Somehow I accidentally stumbled on this G&M article on the apparent popularity of Canadian icewine in Asia, and while I suspect that any comment thread that comes here will eventually descend into a discussion of booze (Godwine’s law?), what struck me was the utter nonchalance of this bit off-handedly mentioned towards the end:
Debbie Inglis’s Niagara Vintage Harvesters is one. A professor at Brock University, Inglis inherited the 20-acre property, which is in the Four Mile Creek sub-appellation. Planted in 1981, it’s one of the oldest blocks of Riesling in Niagara. Inglis—who was named Niagara’s “Grape King” in 2010 for the quality of her vineyard—manages it with her husband, Rob. Inniskillin contracts her to net off four acres of Riesling for icewine and to deliver 3,000 litres of juice at between 38 and 40 Brix. If she’s paid for juice by the litre (rather than by the grape tonne), that would be as much as $90,000, three times what a regular fall harvest would fetch.
It’s the third week of January and the temperature’s supposed to fall to -10 or -11 by midnight. The wind chill puts it at -22. When I arrive at the vineyard at 11 p.m., Rob looks me over and says, “Is that the coat you’re wearing?” I have layers on, but it’s decided I need another coat to put underneath my coat. They lend me snow pants too. They’re not wowed by my two sets of gloves, but I’ll have to live with them.
The harvesters—an all-Vietnamese crew numbering about 18—arrive at midnight. A tractor lifts a bank of floodlights high, to shine down on the rows.
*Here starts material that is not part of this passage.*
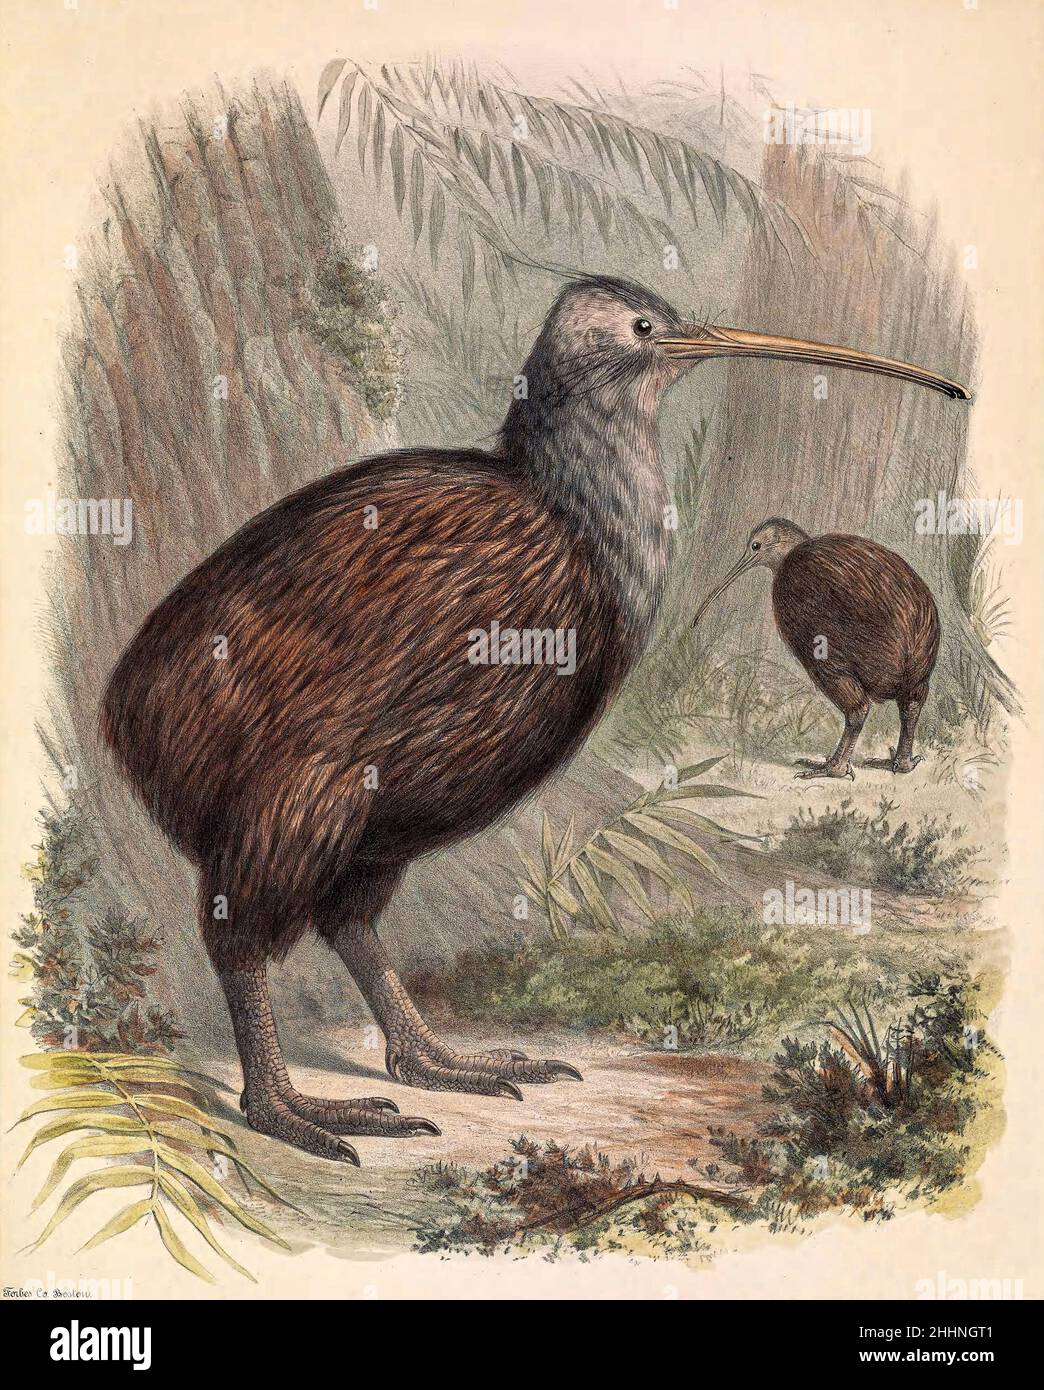 Ornithology New Zealand wildlife illustration Kiwi bird art print Antique animal wall art Vintage natural history painting Exotic birds

A supply of flimsy wooden baskets gets unloaded and distributed. Debbie has chicken soup on the stove, meant for her husband and Steve, a winery hand, some time in the morning. The workers will get a meal break too, but the crew boss prefers they eat outside in the wind.
It’s a brutal, burning wind. After a thaw earlier in the month, there’s no snow on the ground, so the wind tries to lift the dirt. It’s already knocked down the sign at the entrance to the property, and now it balloons the chests of the scarecrows made from hazmat jumpsuits and Javex-bottle heads, and sends the paper hawks above spinning. After workers dump the grapes from their baskets into a bin, they toss the baskets high against the black sky and let the wind carry them to the next row.
Well, it’s the Report on Business…but it is remarkable still. Should the reporter get credit for mentioning that the crew boss wants the (Vietnamese) workers to eat outside in the comically inhospitable weather? It’s hard to know where to begin, there are so many awful flavours here that taste awful together.